Deployment models shown in the diagram
The architecture diagram below illustrates two primary deployment models you can choose depending on your operational preferences:- Secured Virtual Hub (Microsoft-managed): Firewall Manager manages a secured Virtual Hub (Virtual WAN) that can include integrated third‑party security providers. This model is ideal for organizations that want simplified, global connectivity with partner security integrations.
- Hub VNet (tenant-managed): Firewall Manager manages hub VNets that host Azure Firewall instances you control. This model gives you full lifecycle control of the VNet and firewall instances.

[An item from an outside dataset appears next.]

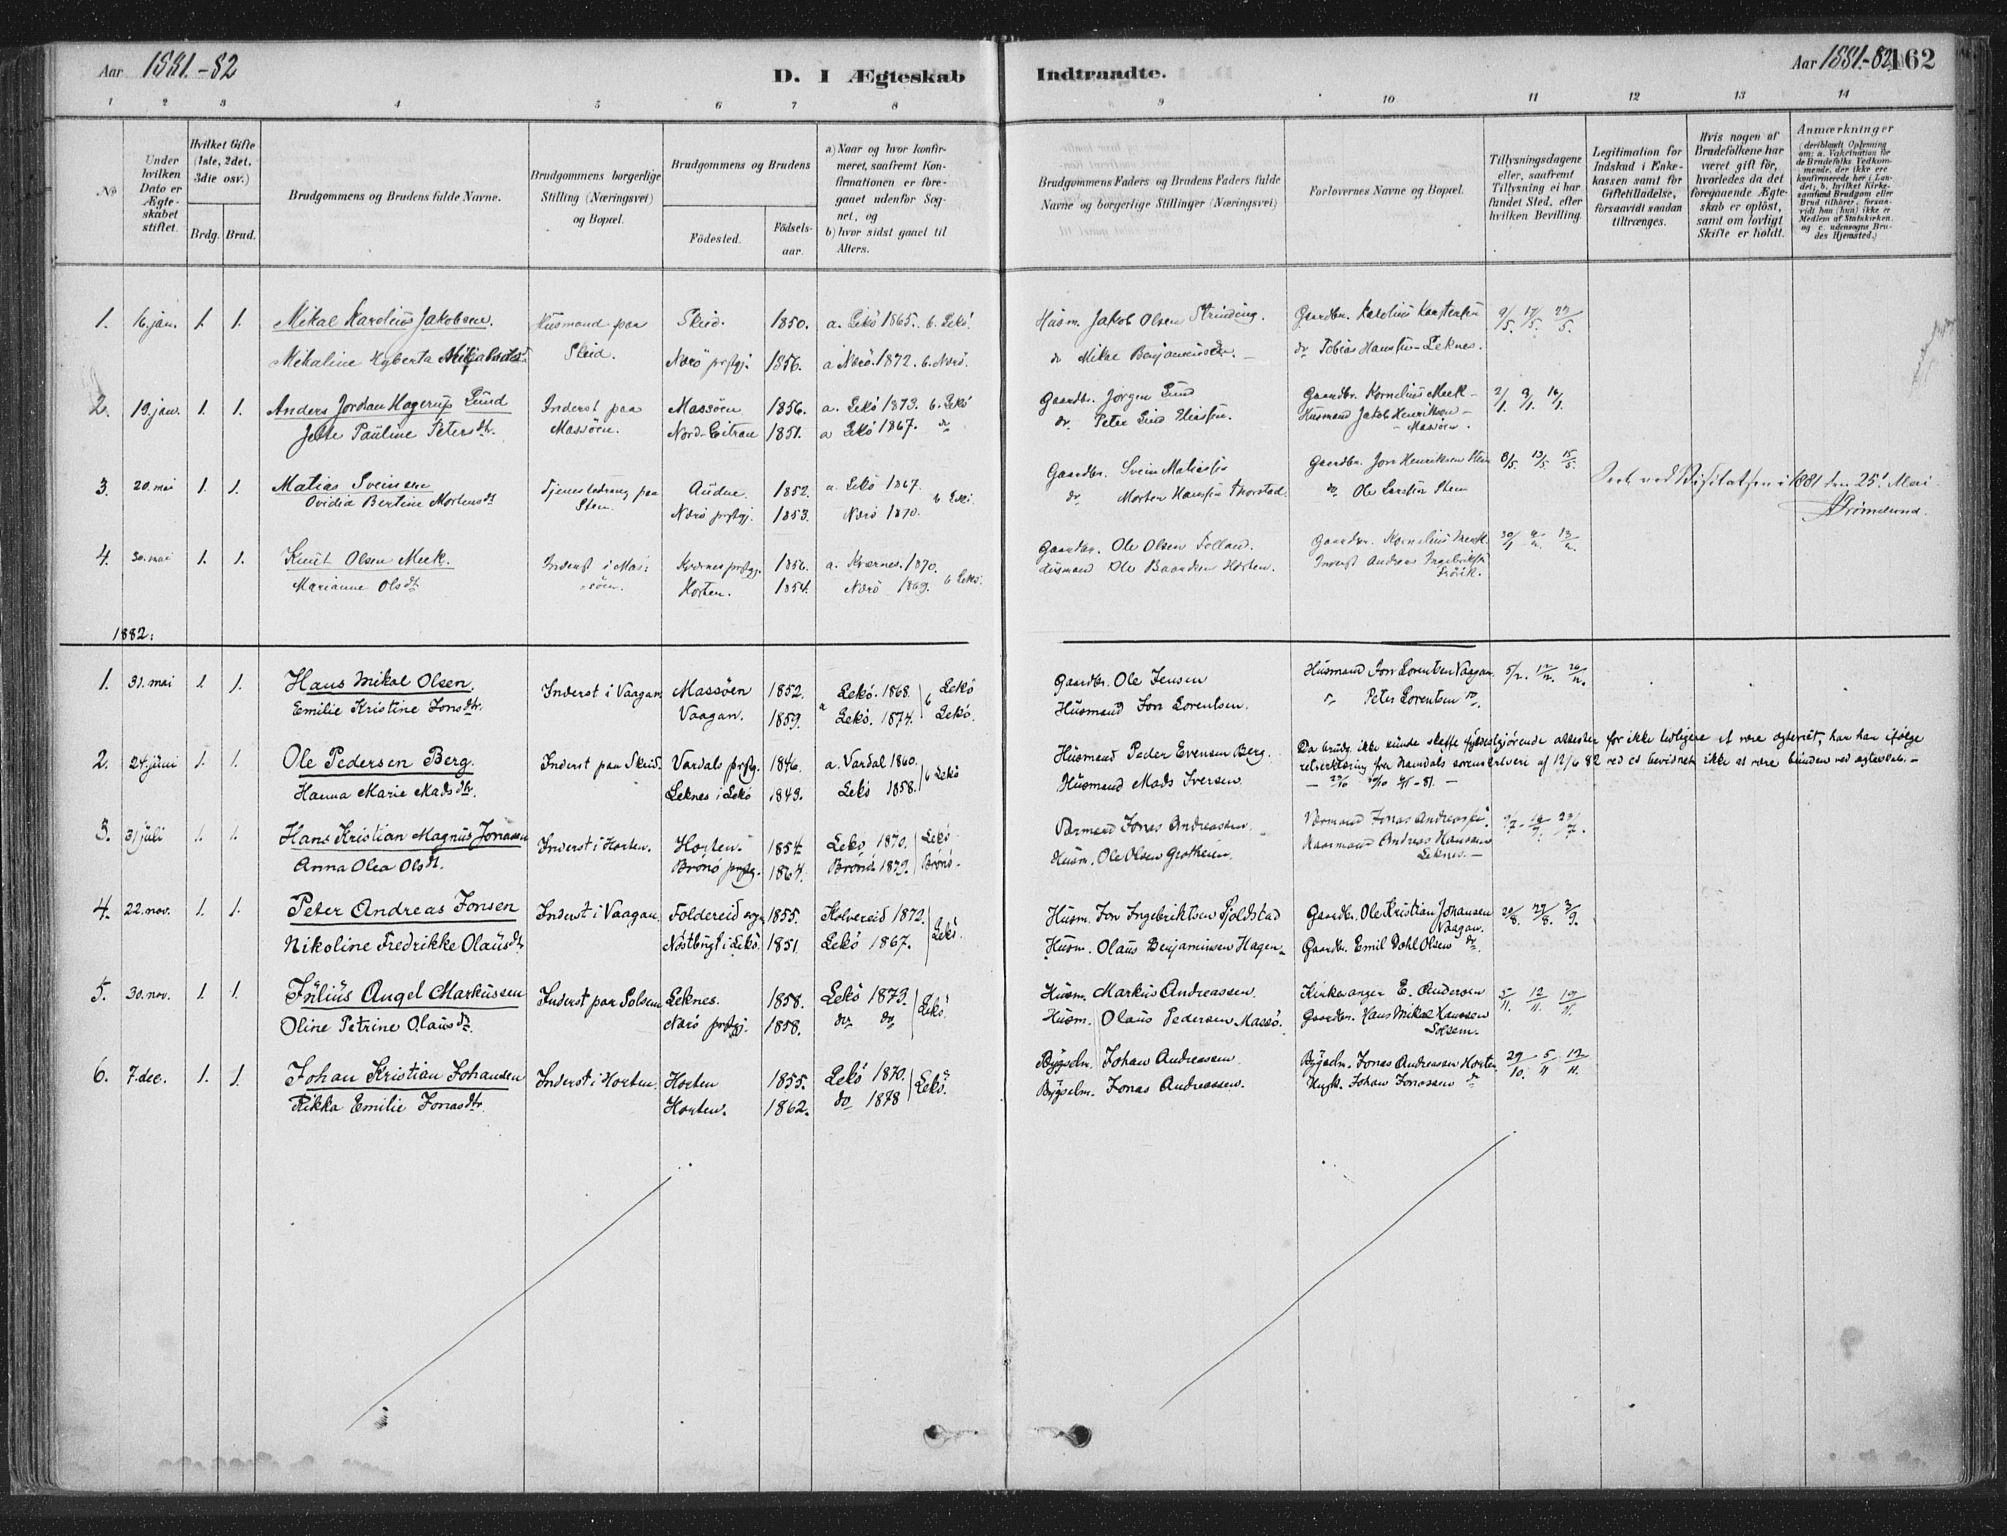 SAT, Ministerialprotokoller, klokkerbøker og fødselsregistre - Nord-Trøndelag, 788/L0697: Ministerialbok nr. 788A04, 1878-1902, s. 162

Core capabilities and when to use them
| Capability | Benefit | Example |
|---|---|---|
| Centralized deployment | Deploy and roll out Azure Firewall instances and policies across regions and subscriptions from one place, reducing per-region configuration overhead. | Provision an Azure Firewall and apply a common policy across 5 subscriptions. |
| Hierarchical policy management | Create Azure Firewall Policy objects scoped to management groups, subscriptions, or individual firewalls to enable global baselines and local refinements. | Push a company-wide allowlist and let subscription owners add local DNAT rules. |
| Third‑party security integration | Integrate partner security providers (Zscaler, Check Point, iBoss, etc.) into secured hubs for deeper inspection and filtering. | Forward traffic to an integrated partner appliance in a secured vHub for advanced threat inspection. |
| Central route management | Manage how traffic is steered for inspection (UDRs/forced‑tunneling) so inspection points are enforced consistently across your estate. | Configure route tables to ensure east–west or internet-bound traffic traverses the central firewall. |
| Wide region availability | Apply consistent firewalling and policy enforcement across many regions to protect workloads regardless of geography. | Replicate policies and firewall deployments to multiple regions for redundancy and compliance. |
Secured Virtual Hubs (Virtual WAN) are typically Microsoft-managed and are ideal when you want integrated partner security and simplified global connectivity. Hub VNet deployments are tenant-managed and offer more control over the VNet and firewall instance lifecycle.